Work order: If a line below contains the string "Stock", copy it out.

[Saved data entries]
——————
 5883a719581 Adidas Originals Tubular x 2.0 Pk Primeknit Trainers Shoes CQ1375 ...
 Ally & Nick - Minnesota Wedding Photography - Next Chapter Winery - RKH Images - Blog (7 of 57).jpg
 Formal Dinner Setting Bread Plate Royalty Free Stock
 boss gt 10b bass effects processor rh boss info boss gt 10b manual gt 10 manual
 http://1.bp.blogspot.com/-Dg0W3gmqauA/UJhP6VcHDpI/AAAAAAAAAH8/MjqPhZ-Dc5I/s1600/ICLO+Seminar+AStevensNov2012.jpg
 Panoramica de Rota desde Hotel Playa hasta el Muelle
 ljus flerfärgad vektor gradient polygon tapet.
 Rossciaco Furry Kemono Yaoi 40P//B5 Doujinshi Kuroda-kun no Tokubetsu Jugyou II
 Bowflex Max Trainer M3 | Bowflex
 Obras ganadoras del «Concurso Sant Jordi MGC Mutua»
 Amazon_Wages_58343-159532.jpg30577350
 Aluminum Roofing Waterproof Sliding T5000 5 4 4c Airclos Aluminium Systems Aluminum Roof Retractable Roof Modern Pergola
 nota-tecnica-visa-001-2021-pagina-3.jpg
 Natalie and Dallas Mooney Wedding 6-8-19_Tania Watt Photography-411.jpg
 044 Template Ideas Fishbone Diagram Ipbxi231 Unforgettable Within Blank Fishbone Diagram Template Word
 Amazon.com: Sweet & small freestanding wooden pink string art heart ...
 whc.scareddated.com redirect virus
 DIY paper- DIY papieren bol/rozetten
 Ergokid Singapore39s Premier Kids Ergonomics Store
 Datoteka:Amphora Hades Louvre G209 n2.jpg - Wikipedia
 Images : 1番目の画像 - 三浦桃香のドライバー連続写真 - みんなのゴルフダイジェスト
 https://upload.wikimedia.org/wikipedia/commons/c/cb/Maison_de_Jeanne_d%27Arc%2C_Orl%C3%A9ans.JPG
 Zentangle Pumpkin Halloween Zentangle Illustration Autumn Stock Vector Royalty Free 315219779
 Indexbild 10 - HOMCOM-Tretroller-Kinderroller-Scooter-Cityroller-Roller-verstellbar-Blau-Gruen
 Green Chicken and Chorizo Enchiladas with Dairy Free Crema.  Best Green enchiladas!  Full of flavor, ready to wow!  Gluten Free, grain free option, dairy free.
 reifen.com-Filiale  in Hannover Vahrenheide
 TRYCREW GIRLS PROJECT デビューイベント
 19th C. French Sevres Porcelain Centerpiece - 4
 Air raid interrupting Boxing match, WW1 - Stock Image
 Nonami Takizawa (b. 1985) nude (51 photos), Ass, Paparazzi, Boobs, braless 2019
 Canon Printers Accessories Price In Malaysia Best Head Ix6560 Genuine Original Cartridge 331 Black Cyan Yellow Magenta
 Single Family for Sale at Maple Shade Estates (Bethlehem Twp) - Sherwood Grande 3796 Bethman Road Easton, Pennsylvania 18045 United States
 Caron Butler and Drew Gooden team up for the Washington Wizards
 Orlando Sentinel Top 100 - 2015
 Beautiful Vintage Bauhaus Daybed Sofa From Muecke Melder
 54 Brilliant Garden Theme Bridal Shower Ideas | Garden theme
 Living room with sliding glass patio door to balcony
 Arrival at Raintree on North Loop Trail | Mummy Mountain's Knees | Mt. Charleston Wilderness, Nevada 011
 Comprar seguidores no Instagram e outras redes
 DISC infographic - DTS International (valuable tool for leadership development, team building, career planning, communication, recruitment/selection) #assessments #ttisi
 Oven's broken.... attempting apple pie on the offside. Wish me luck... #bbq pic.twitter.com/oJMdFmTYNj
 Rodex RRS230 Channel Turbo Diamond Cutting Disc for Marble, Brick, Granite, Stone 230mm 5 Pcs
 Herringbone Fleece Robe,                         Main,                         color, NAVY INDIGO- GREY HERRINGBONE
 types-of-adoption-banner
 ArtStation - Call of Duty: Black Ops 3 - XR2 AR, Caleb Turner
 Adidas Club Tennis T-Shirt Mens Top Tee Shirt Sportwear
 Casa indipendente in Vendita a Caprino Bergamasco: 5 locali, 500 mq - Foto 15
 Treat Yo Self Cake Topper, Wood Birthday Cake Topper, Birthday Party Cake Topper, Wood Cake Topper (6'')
——————
Completed task:
 Formal Dinner Setting Bread Plate Royalty Free Stock
 Zentangle Pumpkin Halloween Zentangle Illustration Autumn Stock Vector Royalty Free 315219779
 Air raid interrupting Boxing match, WW1 - Stock Image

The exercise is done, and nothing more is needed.